Anxious about a long-distance suitor

Dear Meredith,

A few months ago I was on vacation and I met someone who, it turned out, was the brother of one of my friends (we'd never met because he lives halfway across the country). We hung out during our entire vacation and really connected. REALLY connected. We would talk for hours, had the same sense of humor, and I had butterflies every time he was around. Unfortunately, he had a girlfriend of two years back home. Nothing physical happened ... but it definitely felt like an emotional affair at times. We hypothetically talked about what we would be like as a couple, how compatible we were, etc., and his last night on vacation was one of the most romantic nights of my life, although we didn't even hold hands. He said to me, "I've spent all week trying to find one reason why you might not be the one for me, and I can't find a single thing to convince me that we're not supposed to be together."

Although I told him it wasn't a good idea, I couldn't resist emailing him back after we left, just chatting casually about movies we liked and things of that nature. After a few weeks he abruptly said he needed to stop talking to me, that his feelings for me were growing and it wasn't fair to his girlfriend. He said that although their relationship didn't always feel right, he wanted to see it through as long as he could. I agreed and told him although I hoped we could be friends, I knew it wasn't possible, and that I would respect his wishes. I hadn't heard from him since.

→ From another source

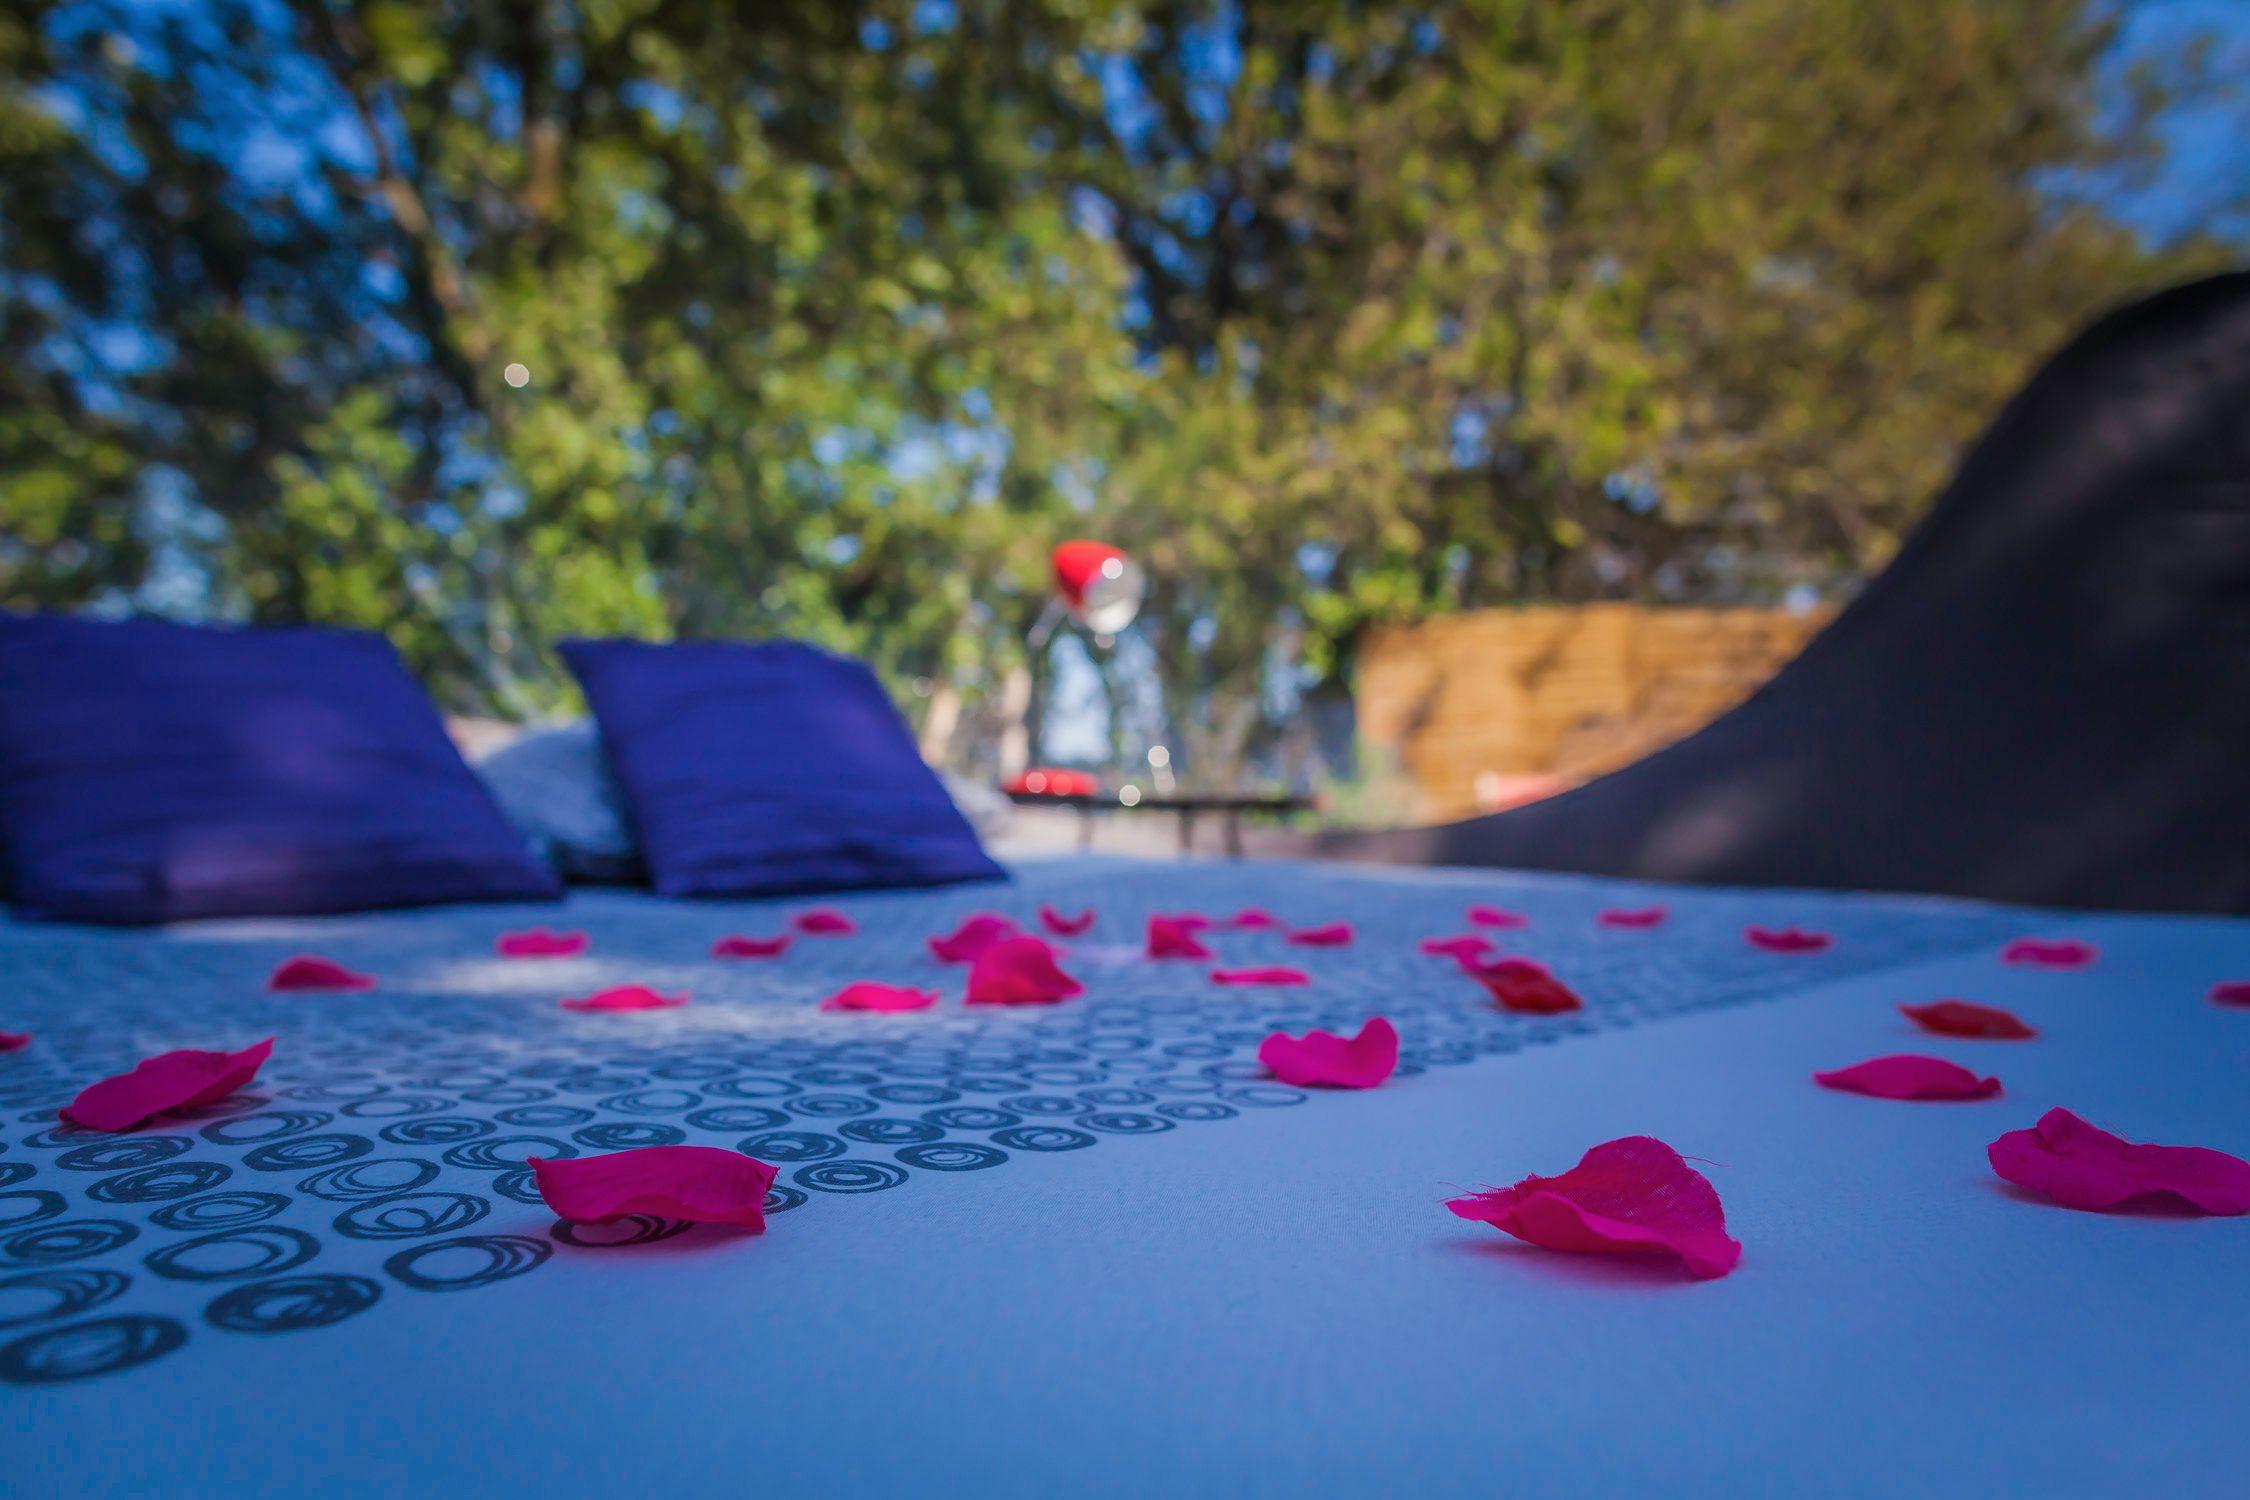 Des Petales De Roses Pour Une Touche Romantique Bienvenue Dans Votre Bulle Maisonsbulles Bulle Insolite Maison Bulle Nuit Insolite Hebergement Insolite

Until a few weeks ago, that is. His sister texted me that he's coming to visit and that he mentioned he'd like to see me. Oh, and that he'd broken up with his girlfriend a few weeks ago. The timing felt suspicious -- the first visit planned so soon after breaking up with his girlfriend? But I didn't want to read too much into it. Today, he reached out and confirmed that he was coming to Boston next month, and said that while he's here he'd like to take me on a date.

I'm feeling so many different emotions ... I'm excited, anxious, scared ... and his visit is still a few weeks away. In my mind we have three BIG problems: 1. He's the brother of a good friend. 2. He lives in far away. (Who willingly enters into a long-distance relationship from the beginning?!) 3. He's just getting out of a long-term relationship. Although it seems that his relationship was over a long time before he ended it, he will still only have been single for two months by the time we see each other.

Is this doomed from the beginning? I want to point out that we're both in our early 30s and have had our fair share of relationships, and it's not like I'm desperate and he's the only person who's interested in me ... he's just what my heart hasn't been able to get rid of in the last few months. In the past two weeks since he reached back out, we've logged about 15 hours on the phone, talking about everything we can think of. The conversation is always fun and easy and unintentionally goes on for hours at a time; we've discussed his breakup and what we might do when he's out here. I strongly feel that he might be the one for me, but I am already worried about all these obstacles.

– Compulsive Worrier, Brighton

Please calm down. Please. There's no reason to freak out right now. It sounds like you're confusing excitement with panic.

Have your date. Try to enjoy it and get to know this guy in a more realistic context. Don't think about whether he's "the one" for you, just consider whether you'd like to see him again and how that would work. You shouldn't be making any massive decisions after this trip. Take this one visit at a time and see what grows.

Something tells me that even if you met a guy down the street, you'd be thinking about obstacles and asking big questions about the future. That's just your thing -- because you like control. Some of your anxiety is natural, but you can't let it take over. And you can't predict the future, no matter how hard you try.
Every time you start to ask massive questions about the future of this potential relationship, repeat this mantra: "I'm going on a date. I hope it's good. We'll see what happens." Then watch some TV. Find the perspective you so desperately need, because if you keep spiraling about the big unknowns, you're not going to be able to enjoy yourself.
Readers? How can she chill out about all of this? Is there too much buildup for this date? Is the relationship doomed because of where he is post-breakup? Help.